Soft pneumatic actuators enable safe human-machine interaction with lightweight and powerful applied parts. On the other side, they suffer design limitations as regards complex actuation patterns, including minimum bending radii, multi-states capabilities and structural stability. We present geometry-based pneumatic actuators (GPAs), a design and implementation approach that introduces constraint layers with configurable CNC heat-sealed chambers. The approach achieves predictable deformation, near-zero bending radii, multi-states actuation, and enables customizable and repeatable complex actuated geometries. Mathematical modeling reveals predictable linear angle transformations and validates nonlinear torque-angle relationships across diverse configurations. We demonstrate versatility of the GPAs approach through three applications: a 49 g wrist exoskeleton reducing muscle activity by up to 51%, a 30.8 g haptic interface delivering 8 N force feedback with fast response, and a 208 g bipedal robot achieving multi-gait locomotion. GPAs establish a configurable platform for next-generation wearable robotics, haptic systems, and soft locomotion devices.
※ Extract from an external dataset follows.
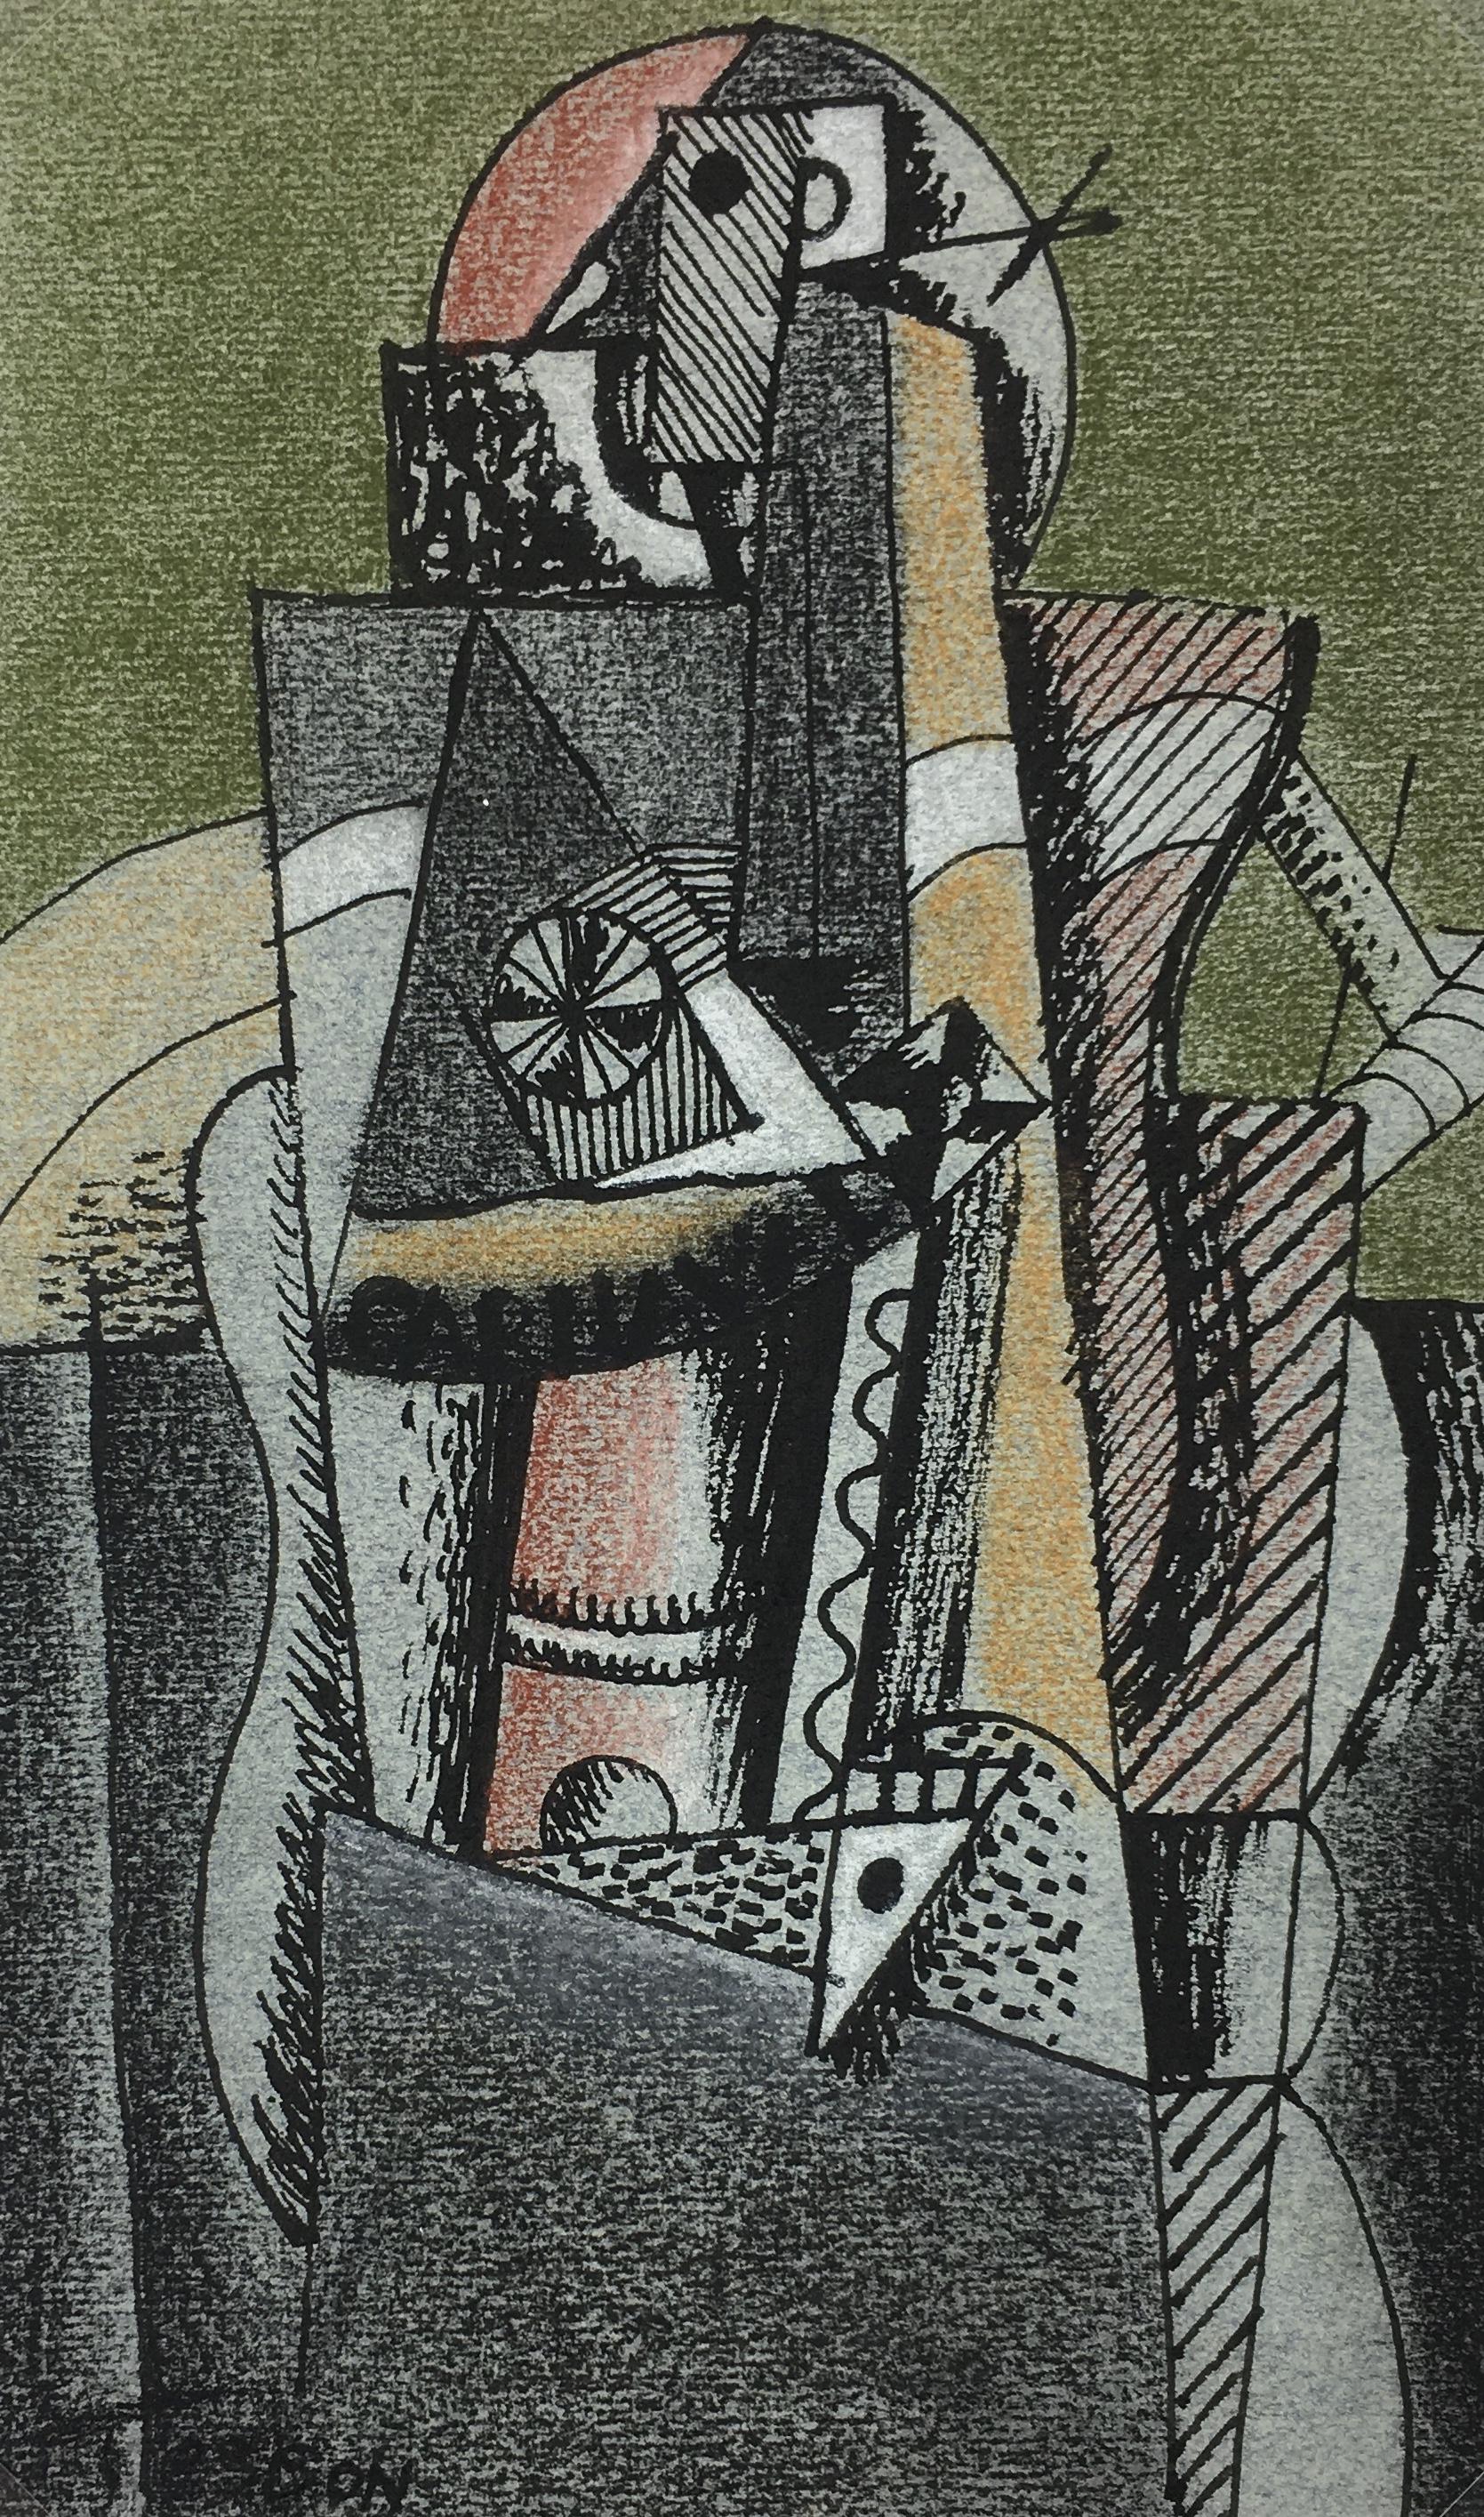 Surreal Modern Original Art - Abstract, Tesson, 1996
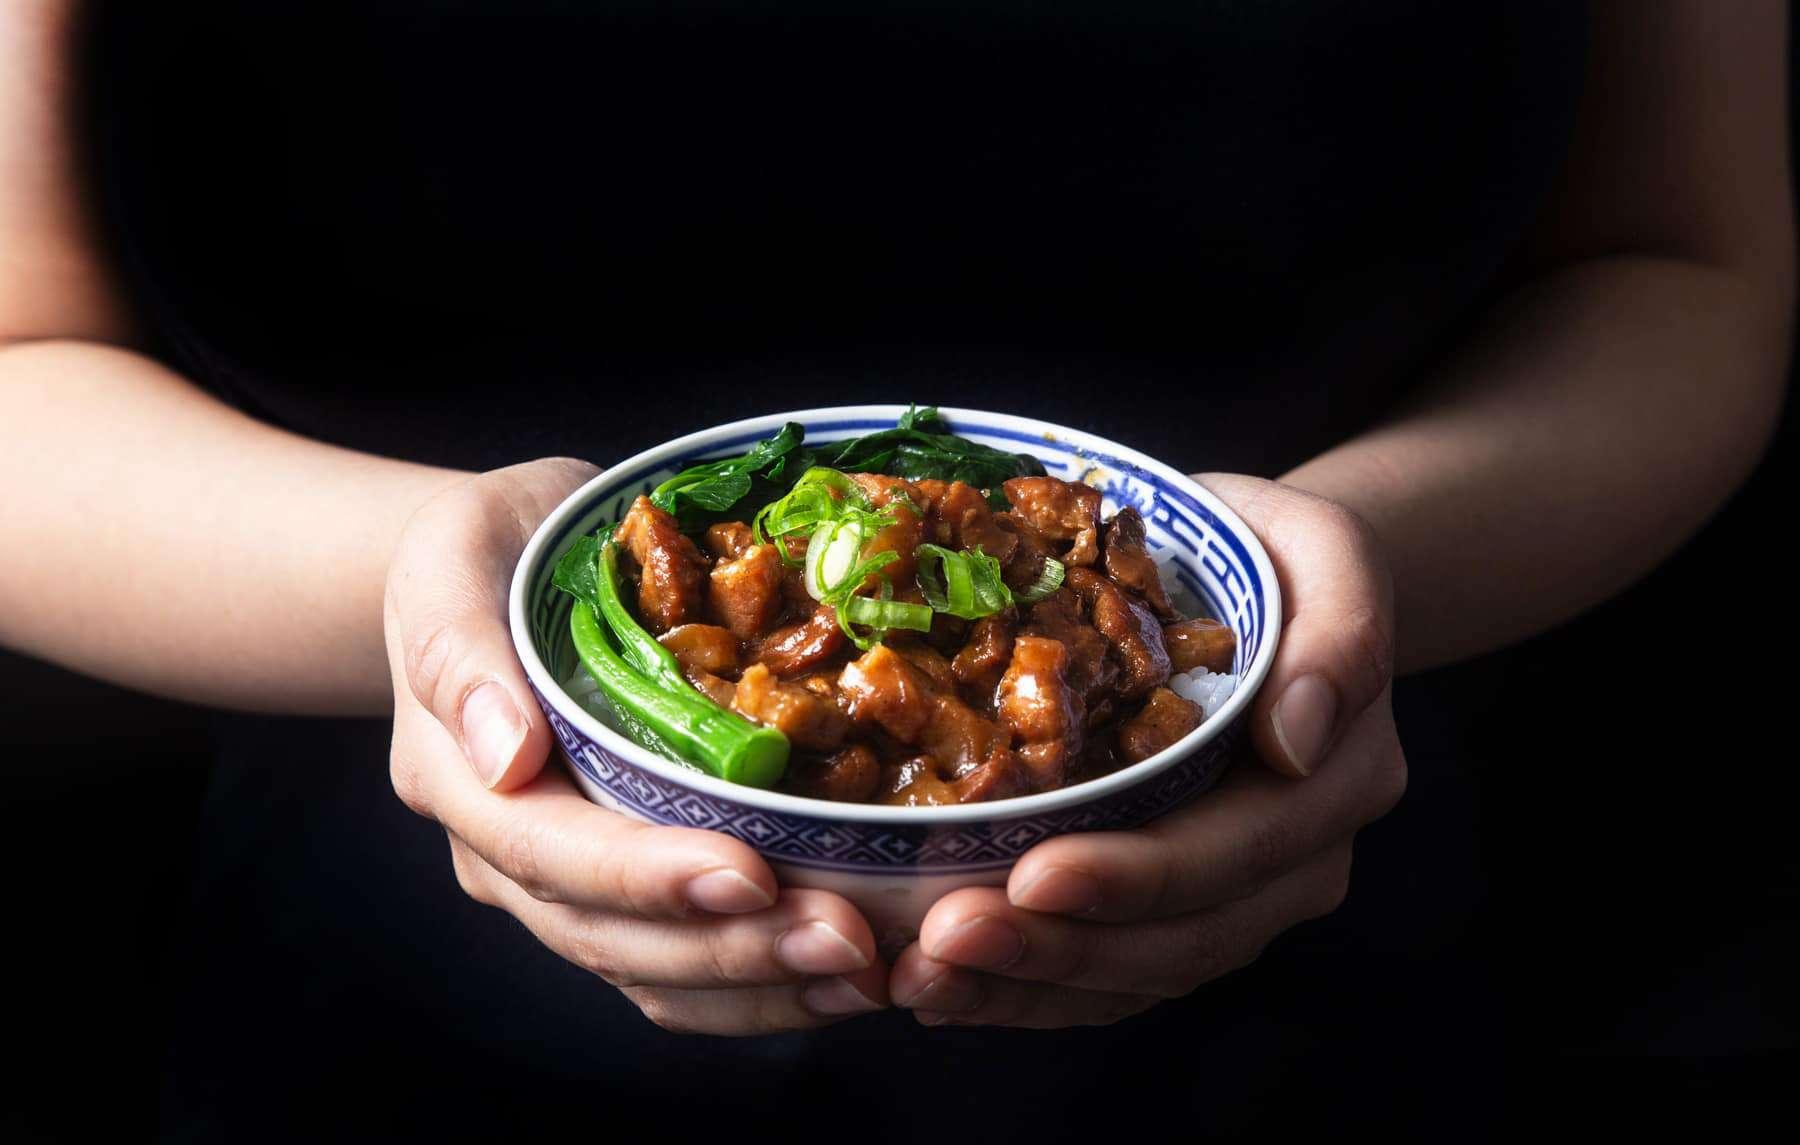 Instant Pot lu rou fan   滷肉飯   pressure cooker lu rou fan   taiwanese braised pork   taiwanese braised pork belly   instant pot pork   pork belly recipes   ru rou fan   taiwanese pork rice   taiwanese minced pork #AmyJacky #InstantPot #PressureCooker #recipes #taiwanese #asian #pork

翻译：软体气动驱动器能够实现安全的人机交互，同时具备轻量化且动力强劲的执行部件。然而，这类驱动器在实现复杂驱动模式方面存在设计限制，包括最小弯曲半径、多状态驱动能力以及结构稳定性。本文提出基于几何结构的气动驱动器，这是一种设计与实现方法，通过引入具有可配置数控热封腔室的约束层来实现。该方法实现了可预测的形变、接近零的弯曲半径、多状态驱动，并能定制化且可重复地构建复杂的驱动几何结构。数学建模揭示了可预测的线性角度变换，并验证了不同配置下非线性扭矩-角度关系。我们通过三个应用展示了该方法的通用性：一个重量为49克的腕部外骨骼，可将肌肉活动减少高达51%；一个重量为30.8克的触觉接口，能够提供8牛的力反馈并具有快速响应能力；以及一个重量为208克的双足机器人，能够实现多步态运动。该驱动器为下一代可穿戴机器人、触觉系统和软体运动装置建立了一个可配置的平台。